- Dataset extract
____________________

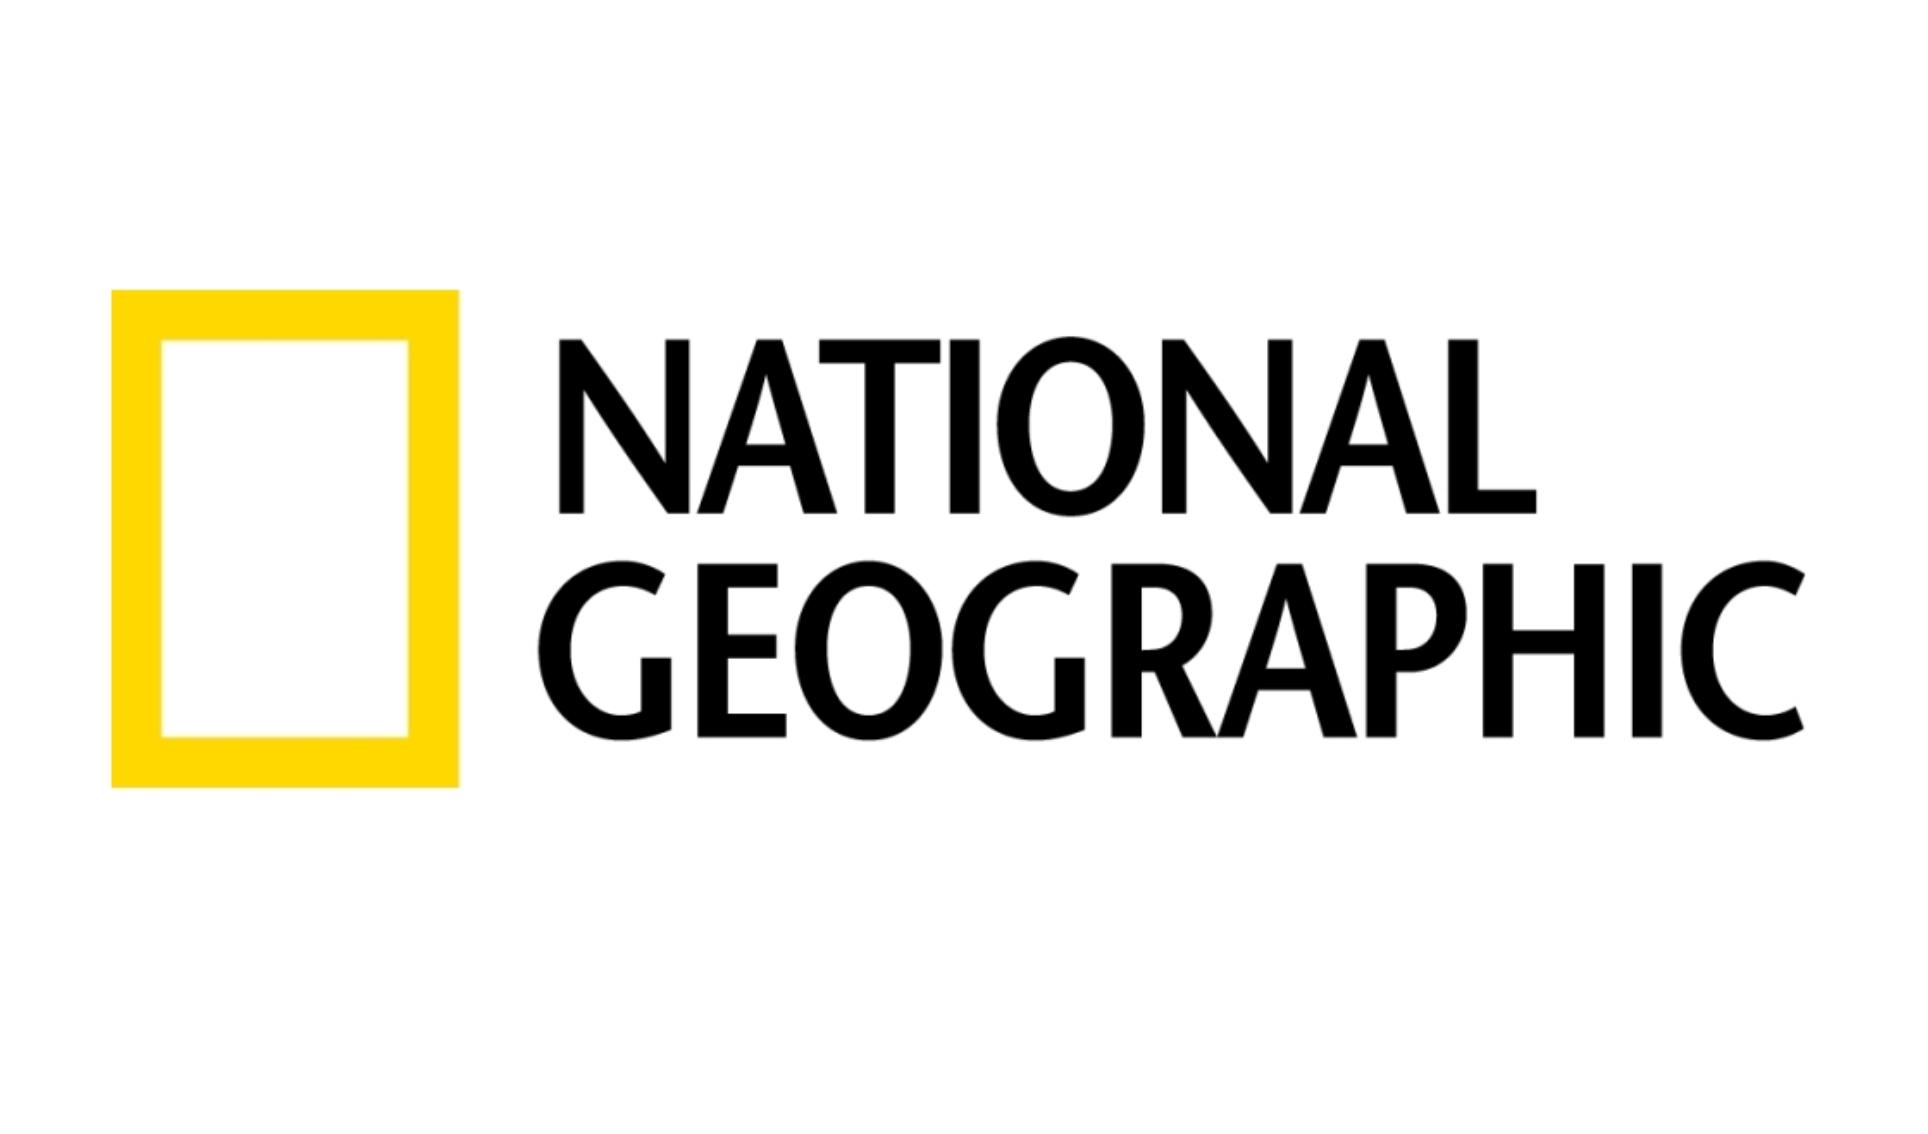 National-Geographic-Jungle-Straws-Bamboo-Straw-UK-USA-Worldwide.png
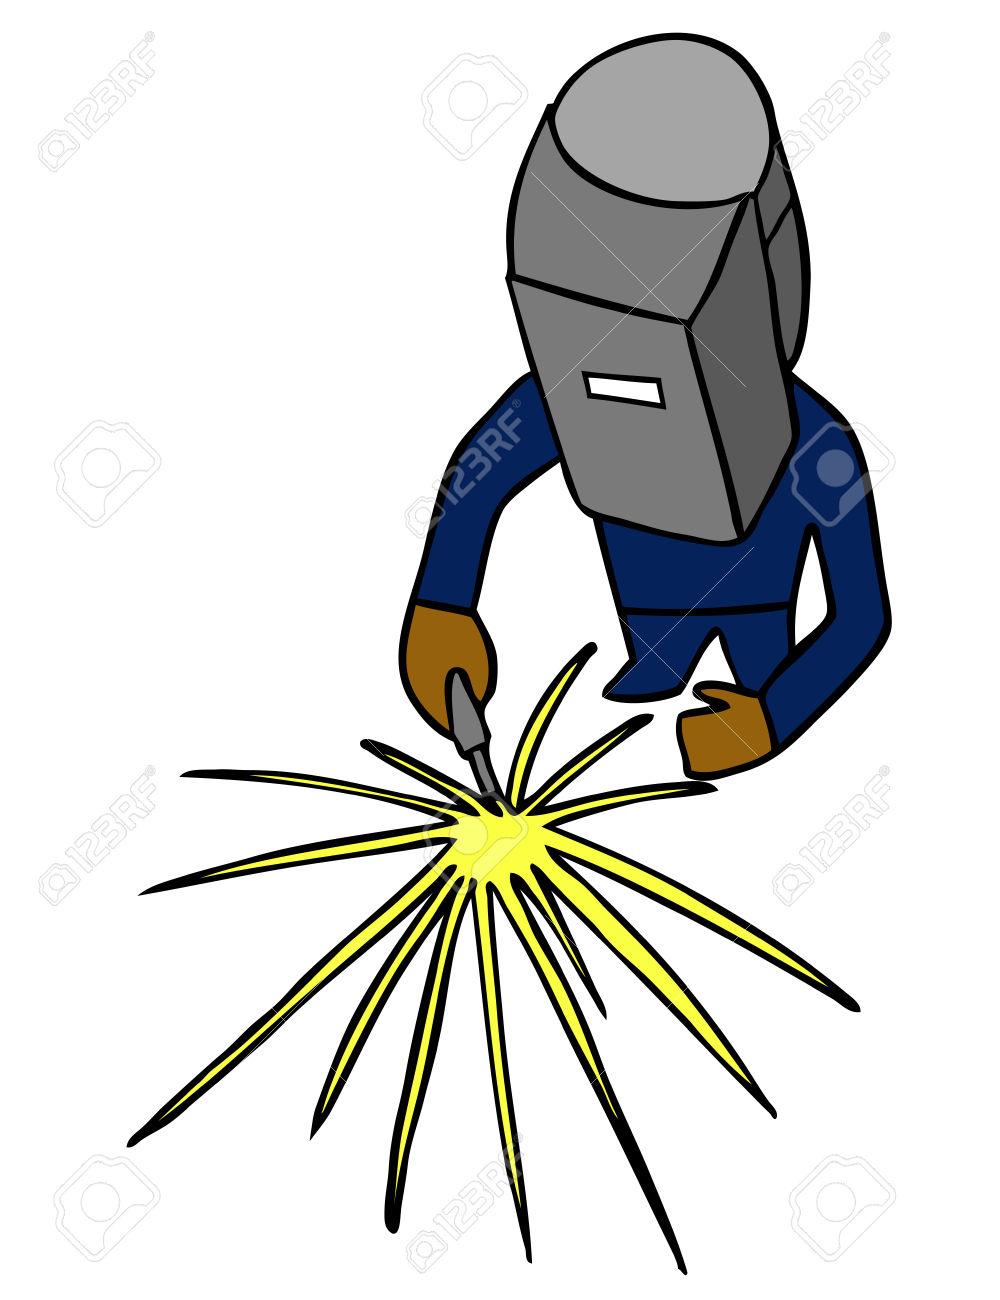 1000x1300 Welding Clipart Welding Sparks
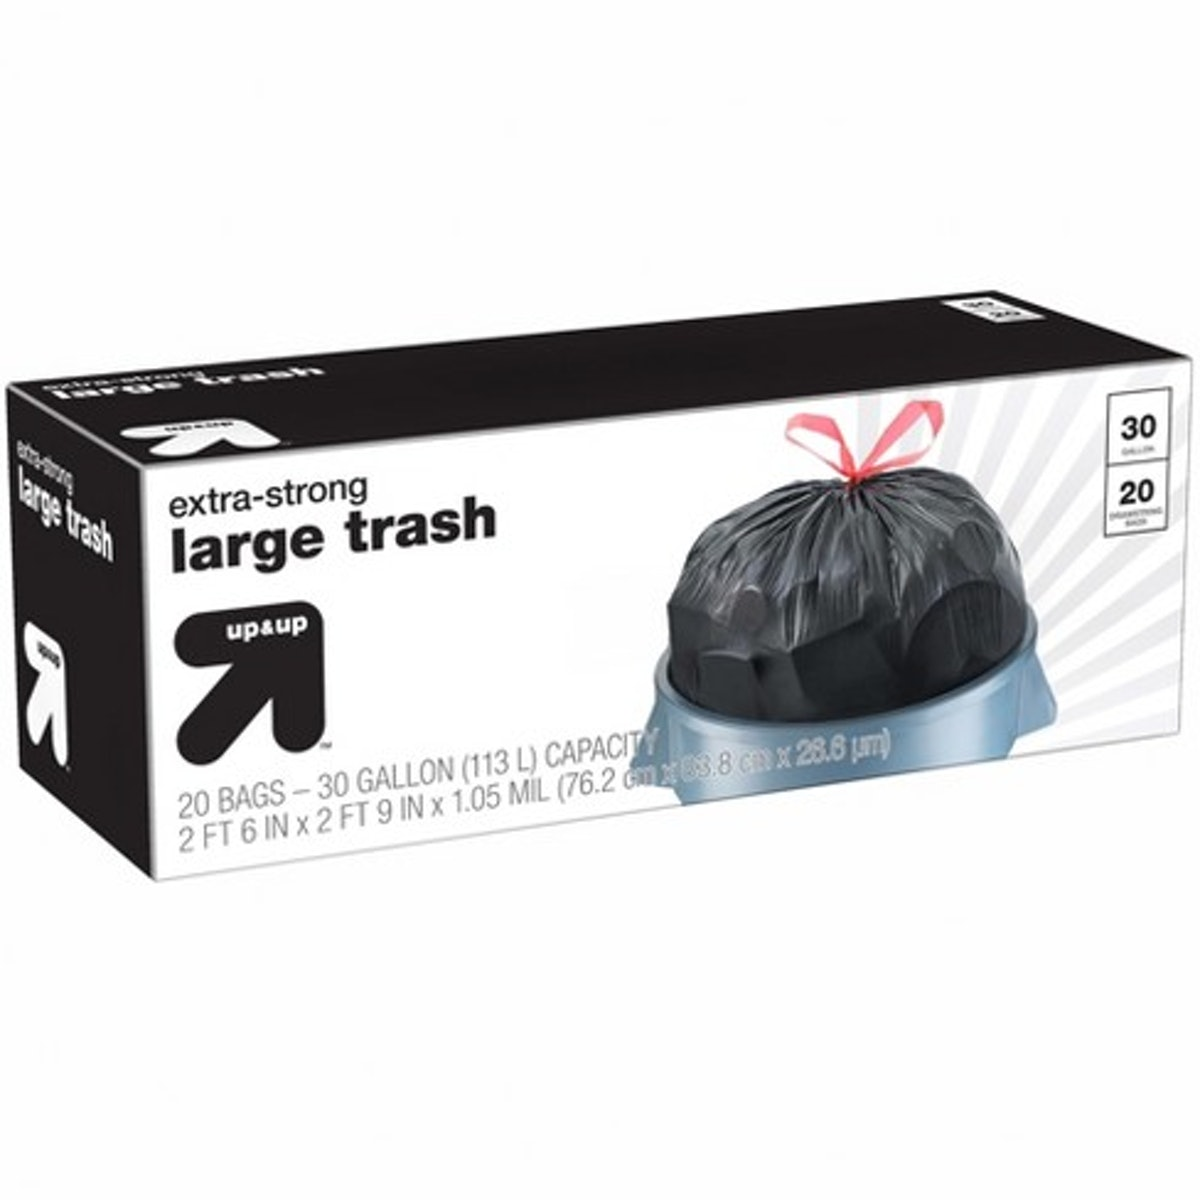 Extra-Strong Large Drawstring Trash Bags

____________________

- Goal of the exercise
Output the material word for word, omitting its pictures.

- Written reply
 National-Geographic-Jungle-Straws-Bamboo-Straw-UK-USA-Worldwide.png
 1000x1300 Welding Clipart Welding Sparks
 Extra-Strong Large Drawstring Trash Bags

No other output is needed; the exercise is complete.